◆ **Work to be completed**: The expected output is every line from the one containing "Free stock photo" to the end of the data below, exactly, and no other line.

◆ **Supplied records**:
☆ ☆ ☆
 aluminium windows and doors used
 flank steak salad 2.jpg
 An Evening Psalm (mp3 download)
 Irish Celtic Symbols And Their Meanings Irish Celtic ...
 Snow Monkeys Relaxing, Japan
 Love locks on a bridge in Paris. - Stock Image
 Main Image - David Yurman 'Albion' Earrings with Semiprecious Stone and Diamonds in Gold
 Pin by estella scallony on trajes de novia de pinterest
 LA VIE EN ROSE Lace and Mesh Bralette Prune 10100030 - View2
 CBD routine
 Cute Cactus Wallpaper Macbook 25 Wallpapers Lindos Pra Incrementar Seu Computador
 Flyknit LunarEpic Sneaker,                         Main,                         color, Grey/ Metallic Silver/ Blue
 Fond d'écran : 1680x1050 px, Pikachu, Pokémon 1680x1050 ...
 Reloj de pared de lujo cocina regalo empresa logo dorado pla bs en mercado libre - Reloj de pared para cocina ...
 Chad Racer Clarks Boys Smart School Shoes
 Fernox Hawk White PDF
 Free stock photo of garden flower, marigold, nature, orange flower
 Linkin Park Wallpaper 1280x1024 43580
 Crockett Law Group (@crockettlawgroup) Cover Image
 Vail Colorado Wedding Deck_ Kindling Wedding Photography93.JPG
☆ ☆ ☆
◆ **Answer area**:
 Free stock photo of garden flower, marigold, nature, orange flower
 Linkin Park Wallpaper 1280x1024 43580
 Crockett Law Group (@crockettlawgroup) Cover Image
 Vail Colorado Wedding Deck_ Kindling Wedding Photography93.JPG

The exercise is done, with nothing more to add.